# empreitada construção



## luigivanilli

Hola:
traduzco unos contratos de portugués de Portugal al español. Tengo problemas con "empreitada" que según he podido averiguar generalmente se traduce como obra.
Sin embargo, me encuentro con la expresión "Empreitada construção" que al español resultaría un pleonasmo como obra construcción u obra de construcción. ¿Podrían ayudarme? El contexto es el siguiente:


Celebrado o presente Contrato de empreitada... Clausula 1.- Pelo presente contrato de empreitada, o Adjudicatário obriga-se a executar todos os trabalhos relativos a Empreitada Construção ...
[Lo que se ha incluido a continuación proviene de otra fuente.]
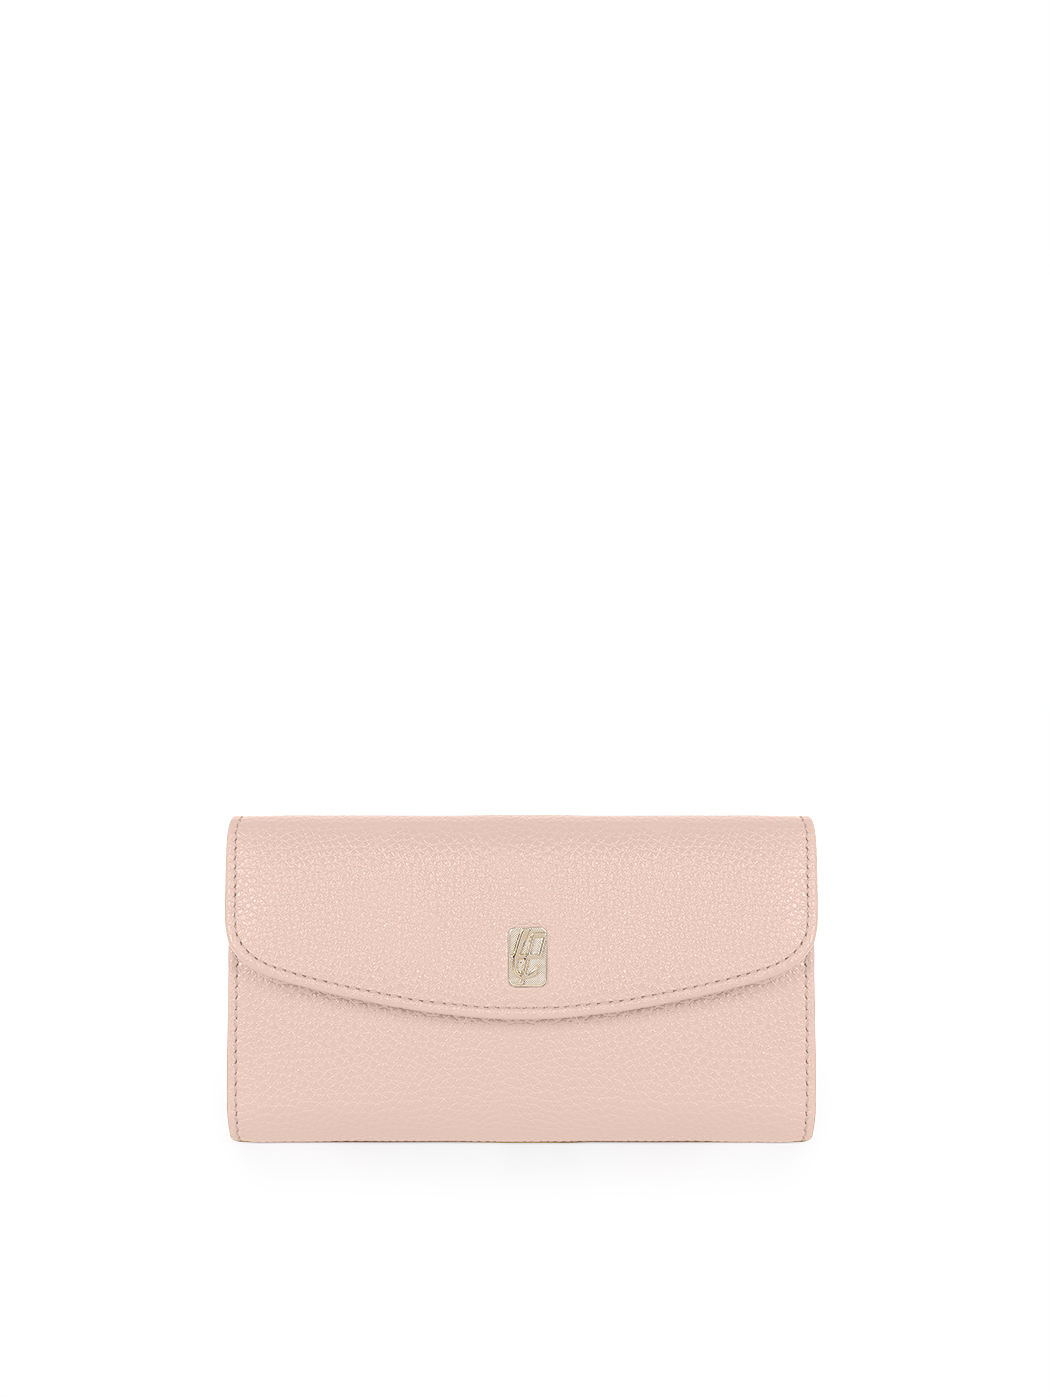 Long powder pink leather wallet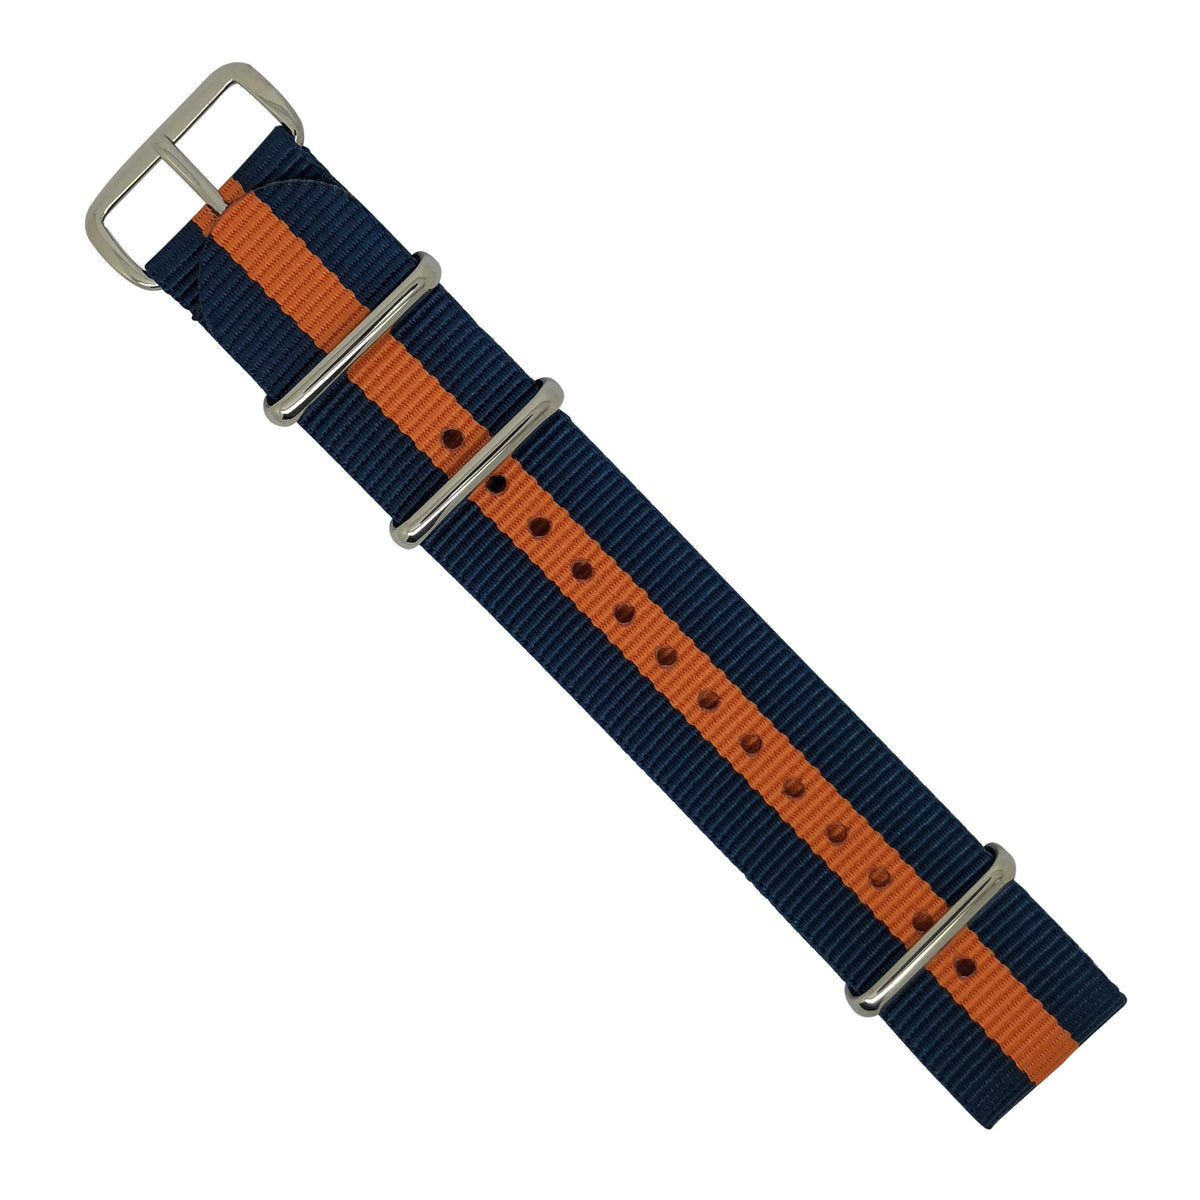 Premium Nato Strap in Navy Orange with Polished Silver Buckle (22mm) - Nomad watch Works

¿Cómo distingo en español entre empreitada y construção?


Gracias de antemano


----------



## willy2008

Contratada a terceros


----------



## WhoSoyEu

No sé en Portugal. En Brasil "empreitada" es un contrato por suma alzada.


----------



## mao morta

Hola,



willy2008 said:


> Contratada a terceros



"contratada a terceros" seria en portugués una "subempreitada" (tu constructor va a contractar otro constructor para hacer ciertos trabajos)

Una "empreitada" es un trabajo o tarea que se hace como un todo (y no dividido en partes, por ejemplo, en días). Se puede decir "Li os 10 livros de empreitada" = es decir, he leído los 10 libros uno tras otro, de golpe.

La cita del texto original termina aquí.